Rashbrooke questions the fairness and effectiveness of this strategy, especially given mounting evidence that corporate profits – not just government spending – were a major driver of inflation. He also points to the human cost: “Unemployment has a much, much larger negative effect on people’s wellbeing than does inflation.”
And unlike most countries, New Zealand still lacks a social insurance scheme to cushion job losses, exacerbating the financial pain. Unemployed New Zealanders “often end up in positions much worse than the ones from which they were let go”, Rashbrooke writes, with a Motu study finding that people made redundant are, even five years on, earning on average one-fifth less than their peers. “The damage that ripples out from this surge in unemployment … will be felt for years to come.”
Read Max Rashbrooke’s column here
Disparities worsen for Māori and Pacific workers
The pain of job loss is not evenly distributed. While the overall rate may have peaked, Māori and Pacific unemployment continues to rise. Māori unemployment hit 10.5%, up from 9.7% in the December 2024 quarter. For Pacific people, it reached 10.8% – more than double the national rate and up from 10.5% in the December quarter, Pacific Media Network’s ‘Alakihihifo Vailala reports. Labour MP Carmel Sepuloni called the figures “shameful”, blaming cuts to public services and infrastructure projects which disproportionately affect industries where Māori and Pacific people are heavily employed. Last November Sepuloni’s colleague Barbara Edmonds said there were 12,000 fewer construction roles than when Labour left office in 2023, and 12,000 fewer in the agriculture, forestry and fishing sector.

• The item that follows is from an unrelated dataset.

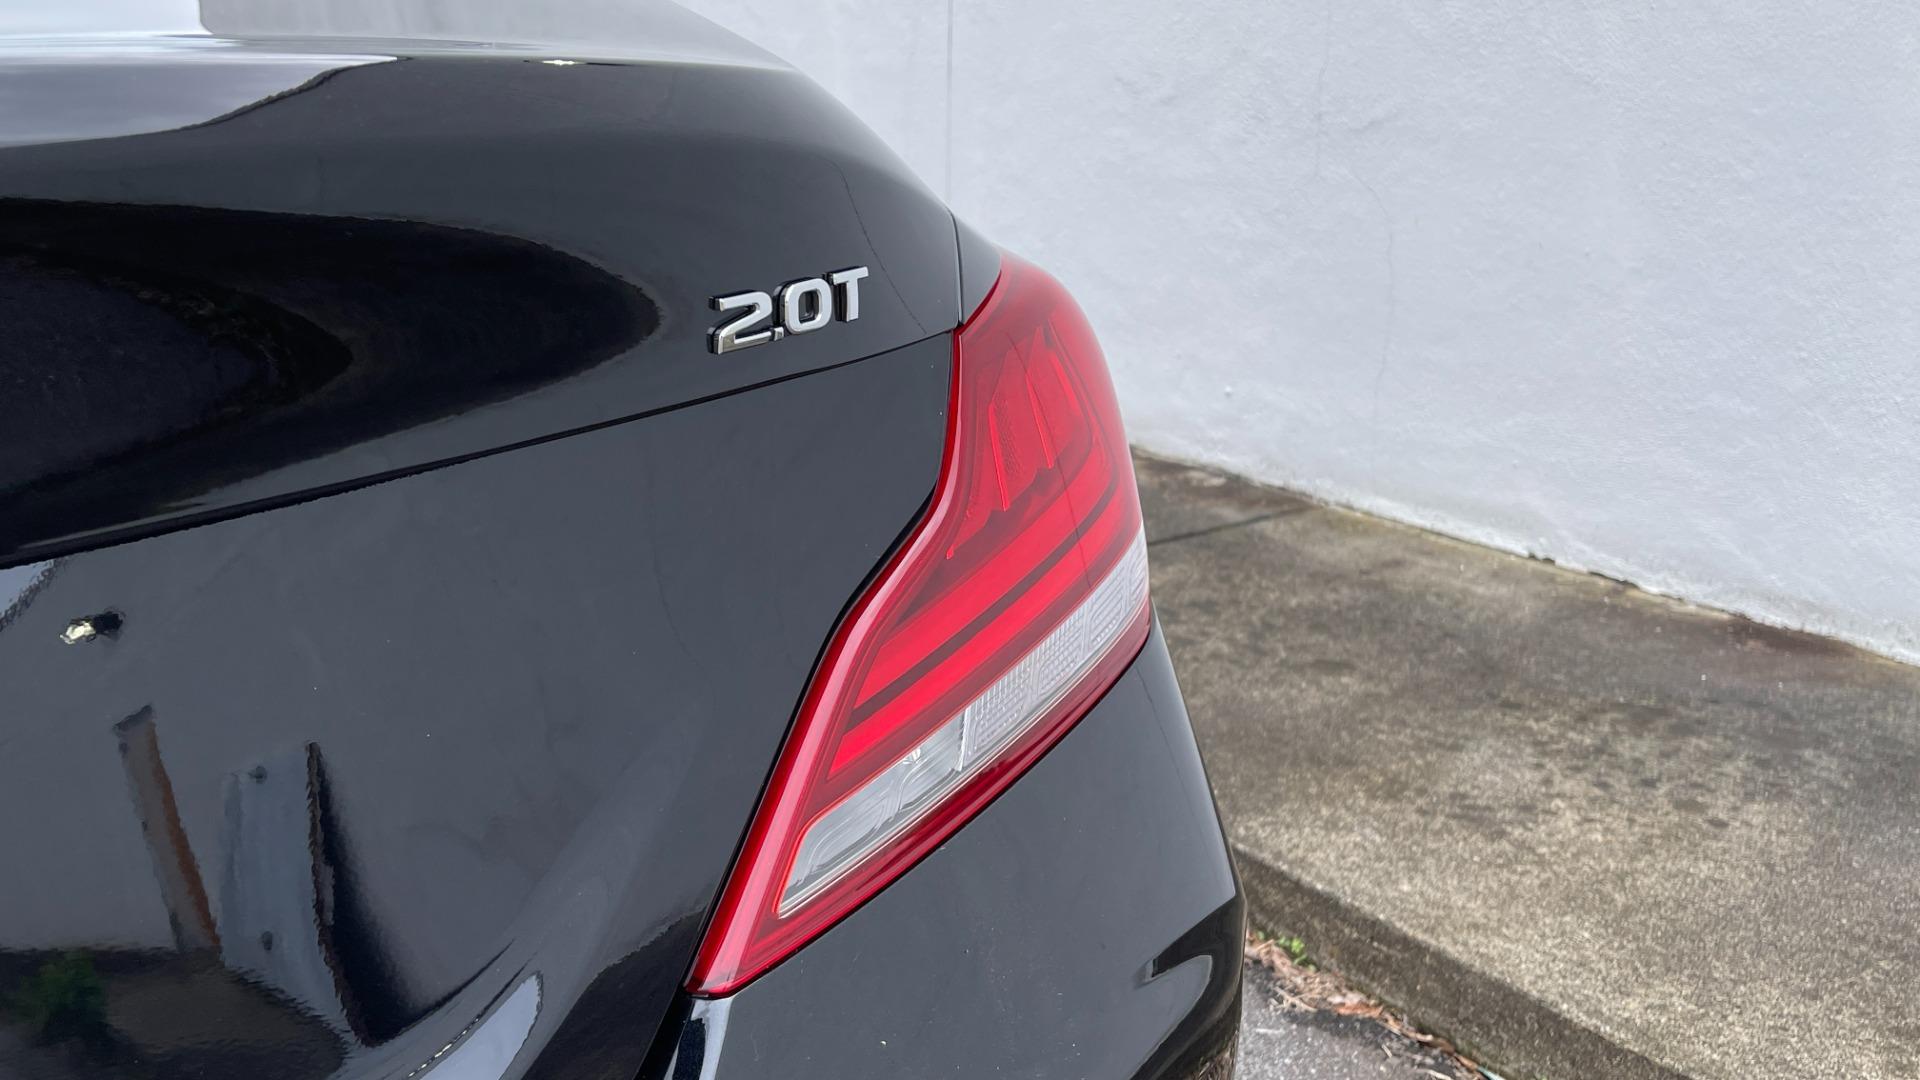 Used 2021 Genesis G70 ELITE 2.0T SEDAN / NAV / LANE ASST / BSA / SUNROOF / LEATHER / REARVIEW for sale $39,995 at Formula Imports in Charlotte NC 28227 14

Trade threats add to economic headwinds
Compounding the domestic challenges is global instability. The Reserve Bank’s six-monthly Financial Stability Report, also released yesterday, warned that Donald Trump’s sweeping tariffs pose a “material risk” to New Zealand’s economy. While some exporters may benefit in the short term, sectors like meat, seafood and wine face “severe” disruption, Newsroom’s Jonathan Milne reports. If NZ exporters cut prices to absorb the 10% tariff, the result could be a loss of around 0.2% of GDP, the bank said.
More concerning is the broader economic drag from disrupted global supply chains and falling demand in major export markets. The bank “paints a picture of an economic slowdown hurting heavily indebted households and businesses – so that would most likely be combated with lower interest rates”, Milne writes. The next OCR announcement is expected on May 28.